I essentially have two columns (vectors) with speed and accel in a data.frame as such:
speed acceleration
1 3.2694444 2.6539535522
2 3.3388889 2.5096979141
3 3.3888889 2.2722134590
4 3.4388889 1.9815256596
5 3.5000000 1.6777544022
6 3.5555556 1.3933215141
7 3.6055556 1.1439051628
8 3.6527778 0.9334115982
9 3.6722222 0.7561602592
I need to find for each value speed on the x axis (speed), what is the top 10% max values from the y axis (acceleration). This also needs to be in a specific interval. For example speed 3.2-3.4, 3.4-3.6, and so on. Can you please show me how a for loop would look like in this situation?
As @alistaire already pointed out, you have provided a very limited amount of data. So we first have to simulate I a bit more data based on which we can test our code.
set.seed(1)
# your data
speed <- c(3.2694444, 3.3388889, 3.3388889, 3.4388889, 3.5,
3.5555556, 3.6055556, 3.6527778, 3.6722222)
acceleration <- c(2.6539535522, 2.5096979141, 2.2722134590,
1.9815256596, 1.6777544022, 1.3933215141,
1.1439051628, 0.9334115982, 0.7561602592)
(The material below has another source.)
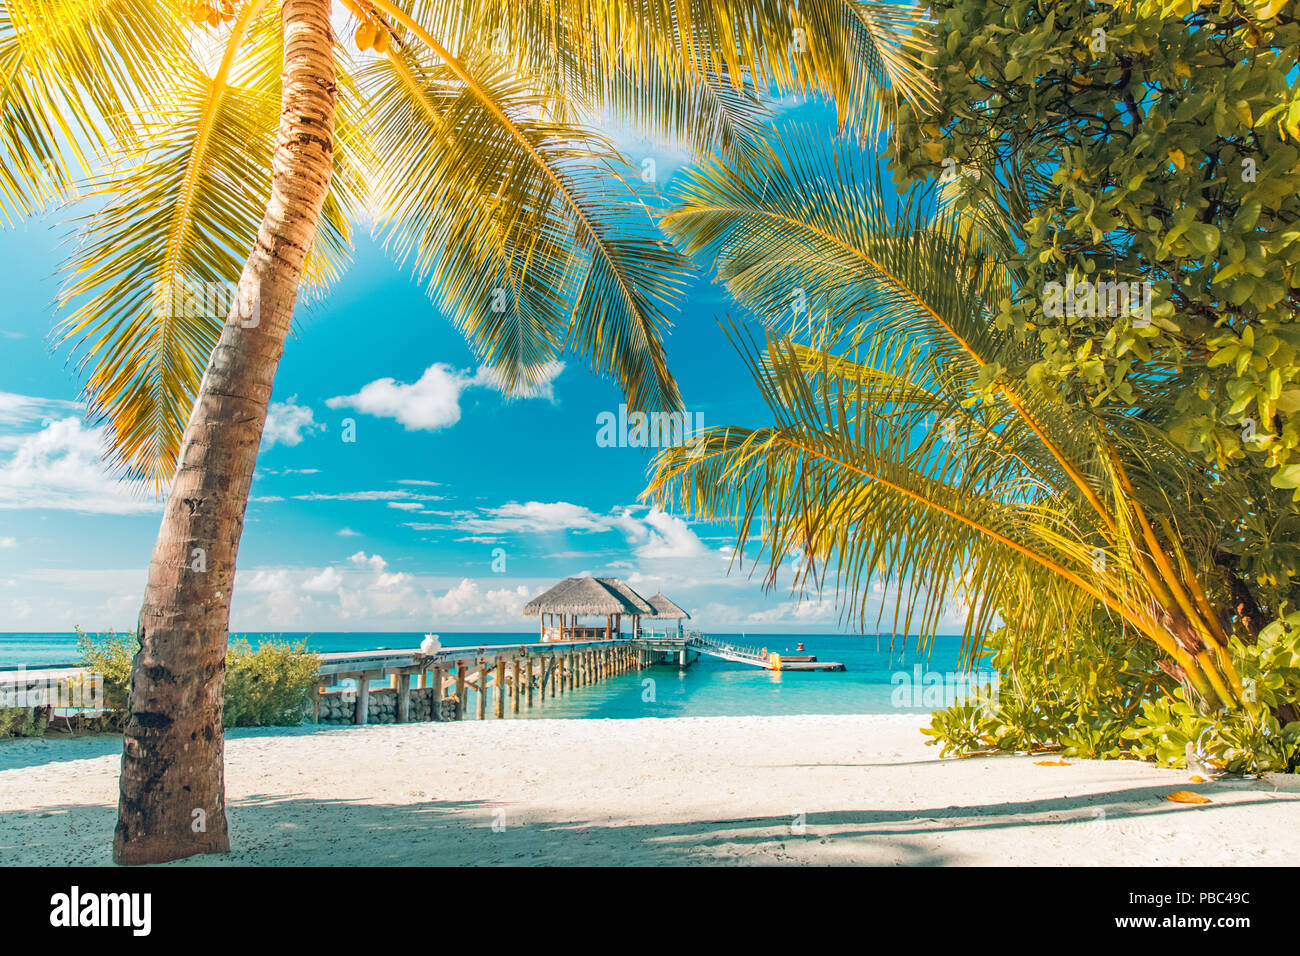 Beautiful Beach Summer Holiday And Vacation Concept Background Inspirational Tropical Landscape Design Tourism And Travel Design Stock Photo Alamy

df <- data.frame(speed, acceleration)
# expand data.frame and add a little bit of noise to all values
# to make them 'unique'
df <- as.data.frame(do.call(
rbind,
replicate(15L, apply(df, 2, \(x) (x + runif(length(x), -1e-1, 1e-1) )),
simplify = FALSE)
))
The function create_intervals
, as the name suggests, creates user-defined intervals. The rest of the code does the 'heavy lifting' and stores the desired result in out
.
If you would like to have intervals of speed
with equal widths, simply specify the number of groups (n_groups
) you would like to have and leave the rest of the arguments (i.e. lwr
, upr
, and interval_span
) unspecified.
# Cut speed into user-defined intervals
create_intervals <- \(n_groups = NULL, lwr = NULL, upr = NULL, interval_span = NULL) {
if (!is.null(lwr) & !is.null(upr) & !is.null(interval_span) & is.null(n_groups)) {
speed_low <- subset(df, speed < lwr, select = speed)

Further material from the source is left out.